In terms of an overall score, it would be taken into account, but it would be very clear from the reports that it was something that would be flagged up as an action point. Generally, it’s unusual for that to happen, but it can happen when there’s one factor that is very low. It’s relatively easy to identify what’s causing it.

As you said, you went through a process of reading, research, and focus groups to come up with this. Were there any other things that you jettisoned, or are there any other factors that you thought of around the edges that you thought could have been interesting to have in here but then decided that it’s not a priority?

There were. We were thinking about having a factor of co-creation, but when we explored it a little bit further, we felt that co-creation is a theme that runs through all of these. Coming back to what I said about this three-way responsibility, the individual, the leader, and the organization, it’s about those three parties working together to co-create a working environment where people can thrive and they can increase their emotional salary.

WOW 177 | Emotional Salary

Emotional Salary: This three-way responsibility is about the individual, the leader, and the organization working together to co-create a working environment where people can thrive, and they can increase their emotional salary.

Another factor that we consistently get asked about is security. People say, “Security is so important. Job security has a fundamental impact on how we feel about our work.” We didn’t include it because we feel there are elements of it in relation to some of these factors. Also, we feel that these factors, to a certain extent, taking into account the environment that people are in, there are things that you can do to increase these factors.

When it comes to job security, you can’t. There’s nothing that you can do that can increase your job security. We wanted to focus on things where we felt that people could make an impact themselves. Regardless of the work environment they were in, there are still some things they could do to improve their emotional salary.
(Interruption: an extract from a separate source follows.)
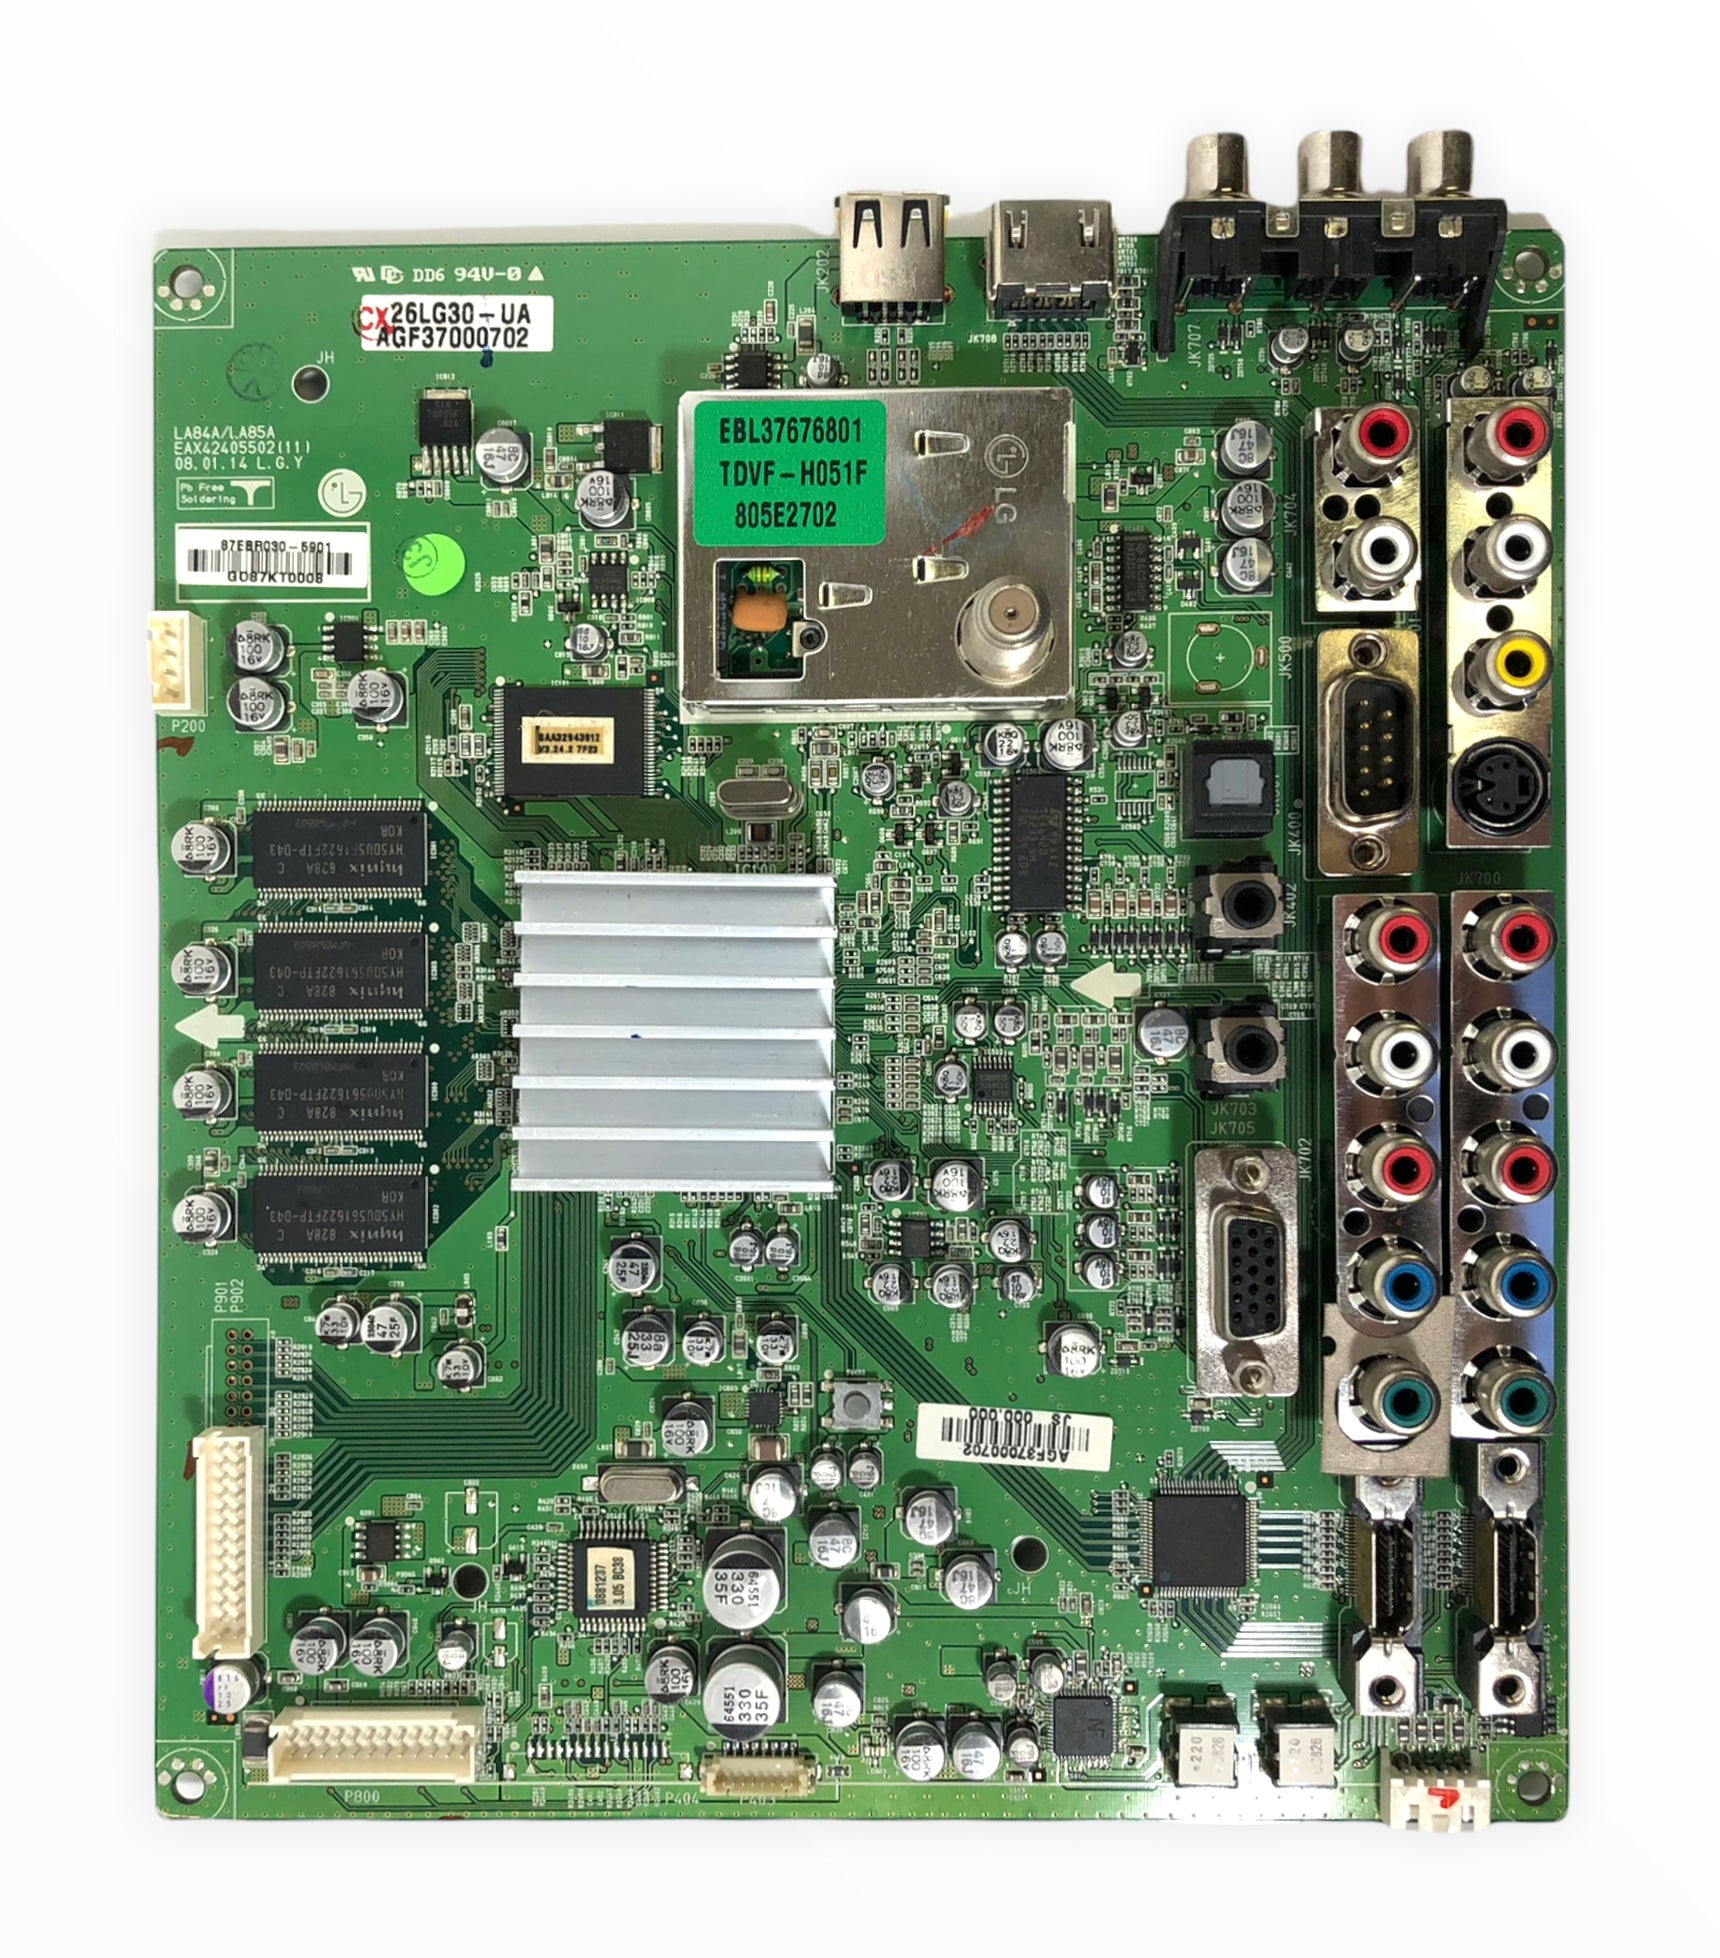 LG AGF37000702 (EAX42405502(11)) Main Board for 26LG30-UA

With security, you have no control over whether or not a company is going to go into liquidation next week or not.

It’s beyond changing your career or changing your role, but it’s anchored to that role that’s outside of your own set of control. I’d like to hear a little bit more from you on the inspiration one. A lot of the others are things that we’re aware of and can come across in some of the other areas. You referenced Dan Pink and there are other places where these are a little bit more prominent potentially.

With inspiration, you talked about things like values alignment, possibility, and hope. You talked in words that made me think a little bit about the domain of positive psychology and things like psychological capital and those framings of that positive set of emotions. Could you expand on that a little bit more, talk about that, and how that affects us maybe?
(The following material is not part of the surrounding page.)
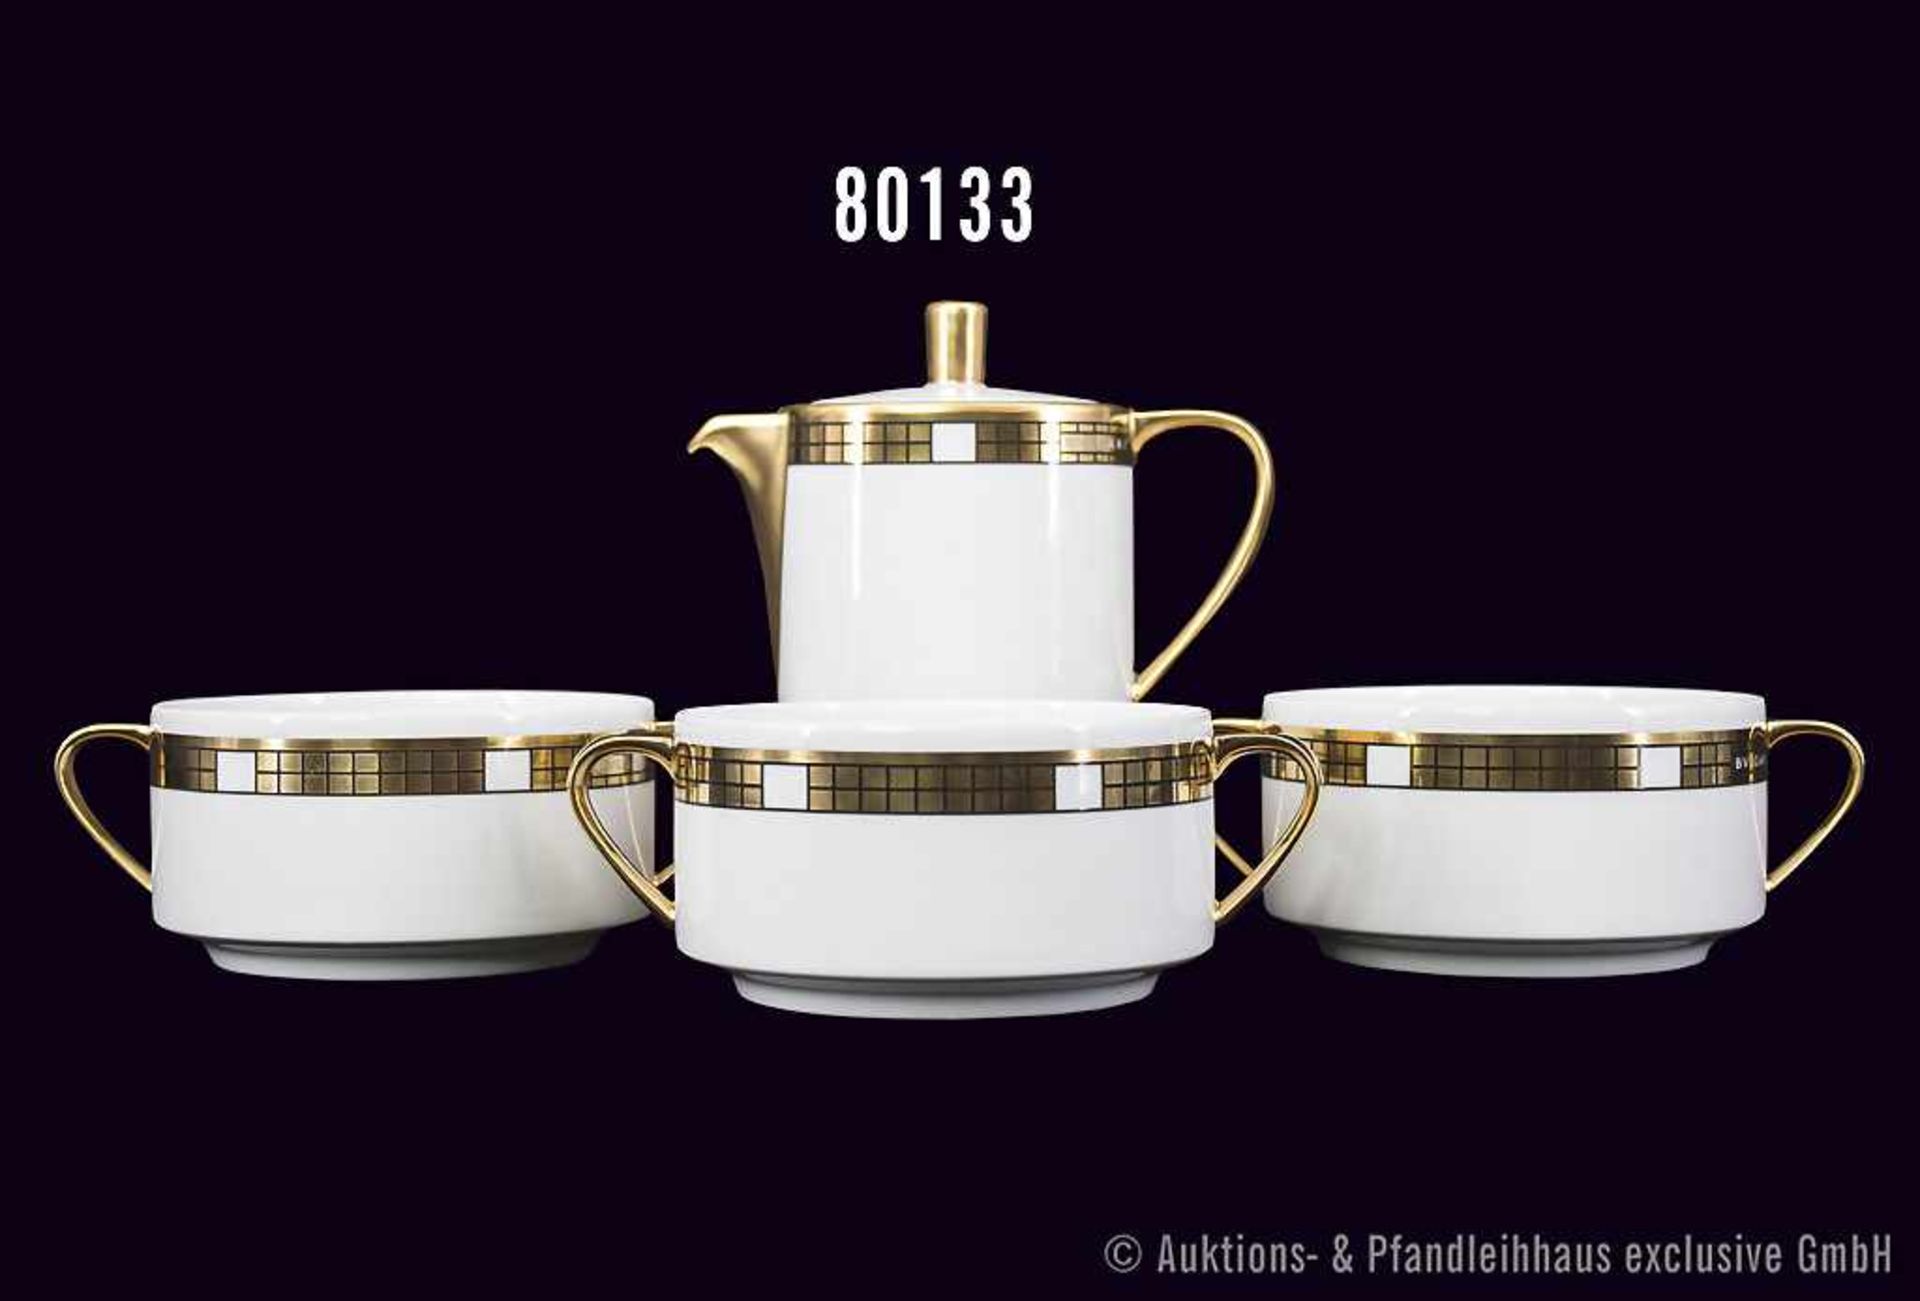 Konv. Rosenthal Porzellan, 7 Teile, Serie BULGARI, Dekor Quadri gold, dabei 3 Kaffeetassen, 3

Positive psychology was one of our guiding principles when we started this piece of research. Inspiration is important because our values have such an impact on how we perceive the world. If we can align our values with our work, then it makes us feel like anything is possible. It does encourage us to do our best possible work because it feels seamless. We feel hopeful. We see possibilities both in ourselves and in others.

We’re able to connect with other people and be inspired by other people. Not only that but to inspire others ourselves. I saw a quote. It’s a quote I’ve seen before. It was something along the lines of, “You don’t have to have a title to be a leader.” It’s very much about that. It’s very much about being able to do the best you can do and be the best you can possibly be because of that alignment and this belief and hope for the future.

One of the quotes I happen to have on my desktop on the value space I like was from Michelle Obama who talked at one of American universities. She said, “I have learned that as long as I hold fast to my beliefs and values and follow my moral compass, then the only expectations I need to live up to are my own.” There’s something liberating and freeing within that positivity of defining our constraints around what good looks like that can lead into that space.

In the creativity space, you talked about creativity and enjoyment. One of the things that are a bit of a bugbear of mine is I believe there’s a bit of a preconception that a lot of work needs to be difficult, arduous, or unpleasant, otherwise, it ceases to be work. If it’s fun, it’s not work. That goes against some of the strengths-based and more positive approaches to work. Could you elaborate on that a little bit more and tell me a little bit more about the role of creativity and enjoyment? Also, what your views are on whether that is permissible in work? How does that equate to work? How does playfulness work or not?

The first thing I’d say is this is one of the reasons why we created and worked on this framework. It’s because there is this preconceived idea that work should be painful and that work is an exchange of work for money. It’s a necessary evil and we have to do it to survive, but as we’ve already said, work gives us so much more.

There is this preconceived idea that work should be painful, that work is just an exchange of work for money, that it’s a necessary evil, and we have to do it to survive. But actually, work gives us so much more.

There’s so much research that demonstrates that when people are having fun, when people are relaxed, and when people have the opportunity to express their original ideas and do things to step out of the norm, their creativity and innovation increase. It has a positive impact in terms of motivation and productivity. For me, we need to be harnessing that and creating spaces for people to be more creative and have more fun at work. It’s so important.

It’s liberating. You talked about flow. Probably there’s a bit of an overlap between enjoying what we do and being in a state of flow. It’s that optimal performance space that brings some of that together into an enriching experience for us, productive benefits for those around us, social contagion of positive emotions, and all those lovely things. What do we do with this? If we go out there, if we have one of these audits, if we get a score, if we do it and score ourselves and we get a ten result back across these different factors, how does that help me? What do I do once I’ve got that information?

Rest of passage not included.